Table 3 Summary of α-diversity metrics (Shannon Index, Sheldon Evenness and Dominance Index) and Diversity Area that represents the area under the diversity profiles (see Fig. 2) calculated for 2004, 2011 and 2019
Fig. 2
figure 2

Diversity profiles for the study area and for each summit for 2004, 2011 and 2019 produced by calculating the exponential of the Renyi index, where metrics of diversity depends upon a parameter α

Considering the dynamics of the ‘pairwise βSIM’, the overall dissimilarity in the study area decreased significantly between 2004 and 2019 (p < 0.001) with the majority of change occurring between 2004 and 2011 (p < 0.001) (Fig. 3). Dynamics at the section level were also significant, with a decrease in dissimilarity between 2004 and 2011 for lower sections (p = 0.026), and between 2004 and 2019 (p = 0.032) (Table S4). However, there was no difference for the upper section between 2004 and 2011 nor 2011 and 2019, but a marked decrease between the first and last survey (p = 0.006). Conversely, dynamics of the ‘multiple-site’ β-diversity metrics were marginal (Table 4). Between 2004 and 2019 for the study area, values for ‘multiple-site ΒSOR’ decreased while ‘multiple-site ΒSIM’ increased, indicating that β-diversity dynamics was influenced less by shared species and more by species turnover through time. The ‘multiple-site ΒSOR’ value was greater for the lower section only in 2004, with the upper sections displaying greater dissimilarity in 2011 and 2019. The ‘multiple-site ΒSIM’ values across all years were higher in the lower sections compared to the upper sections yet the lower sections have increased in dissimilarity between 2004 and 2019 while the upper sections have decreased in dissimilarity in the same period.

Fig. 3
figure 3

Pairwise Simpson dissimilarity indices (‘pairwise βSIM’ as proposed by Baselga (2010)) for the study area upper and lower sections in 2004, 2011 and 2019. Asterisks indicate significant changes between years (*p < 0.05; **p < 0.01; ***p < 0.001)

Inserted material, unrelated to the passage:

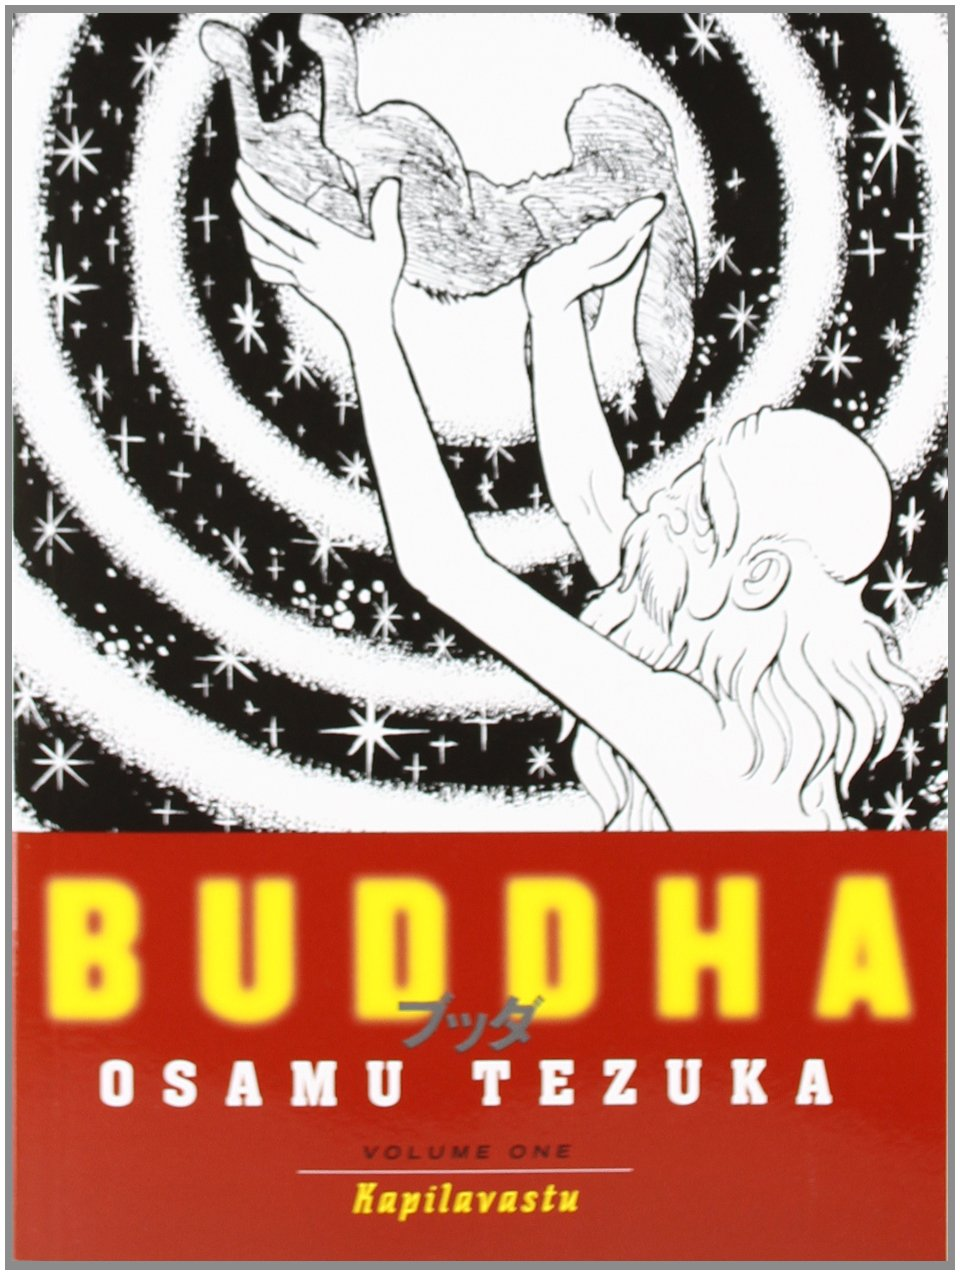 Image result for buddha osamu tezuka vol. 1

Table 4 β-diversity multiple-site dissimilarity indices, as proposed by Baselga (2010), for the study area and for the upper and lower sections in 2004, 2011 and 2019

Cover and composition

In 2004 nearly all of the summit areas were covered by vegetation. However, overlapping cover of vegetation, graminoids and shrubs increased in the study area from 2004 to 2019 (p < 0.001) (Table 5a), although there were differential responses among summits (Table 5b), particularly when changes occurred. Graminoid cover increased markedly over the 15 years (p < 0.001) but most of the change occurred between 2004 and 2011 (mean difference: 7.8, p < 0.001) rather than between 2011 and 2019 (mean difference: 3.5, p = 0.002) (Table S5). Shrub cover also increased over the 15 years (p < 0.001) but unlike graminoid cover, it was mostly between 2011 and 2019 (mean difference: 3.3, p < 0.001) with less variation between 2004 and 2011 (mean difference: 1.9, p = 0.025) (Table S5). In contrast to graminoids and shrubs, forb cover was low with no consistent change over time (Fig. 4).

Table 5 Results from Linear Mixed Models executed on the standardised sum of overlapping vegetation and growth form cover, with respect to Year for: (a) the study area and (b) Summits (CL1, CL2, CL3, CL4, CL5)
Fig. 4
figure 4

Pairwise comparisons of the standardised sum of overlapping cover of vegetation and growth forms the study area. Asterisks indicate significant changes between years (*p < 0.05; **p < 0.01; ***p < 0.001)

There were clear patterns in cover among individual summits over time (Fig. 5). Overlapping vegetation cover increased across all summits between 2004 and 2019, but for the three lower elevation summits (CL3, p < 0.001; CL4, p < 0.001; CL5, p < 0.001), most of the change occurred between 2004 and 2011, while the majority of change for the two higher summits (CL1, p = 0.005; CL2, p < 0.001) occurred between 2011 and 2019. There was a similar pattern in graminoid cover, with increases across all summits over the 15 years, but no increases for lowest three summits between 2011 and 2019, while for the two higher summits there were increases between 2011 and 2019. Shrub cover also increased across all summits over the 15 years, but it was only significant between 2011 and 2019 for some summits (CL1, p = 0.049; CL3, p < 0.001; CL4, p = 0.012).

Fig. 5
figure 5

Pairwise comparisons of the standardised sum of overlapping cover of vegetation and growth forms for the five summits. Asterisks indicate significant changes between years (*p < 0.05; **p < 0.01; ***p < 0.001)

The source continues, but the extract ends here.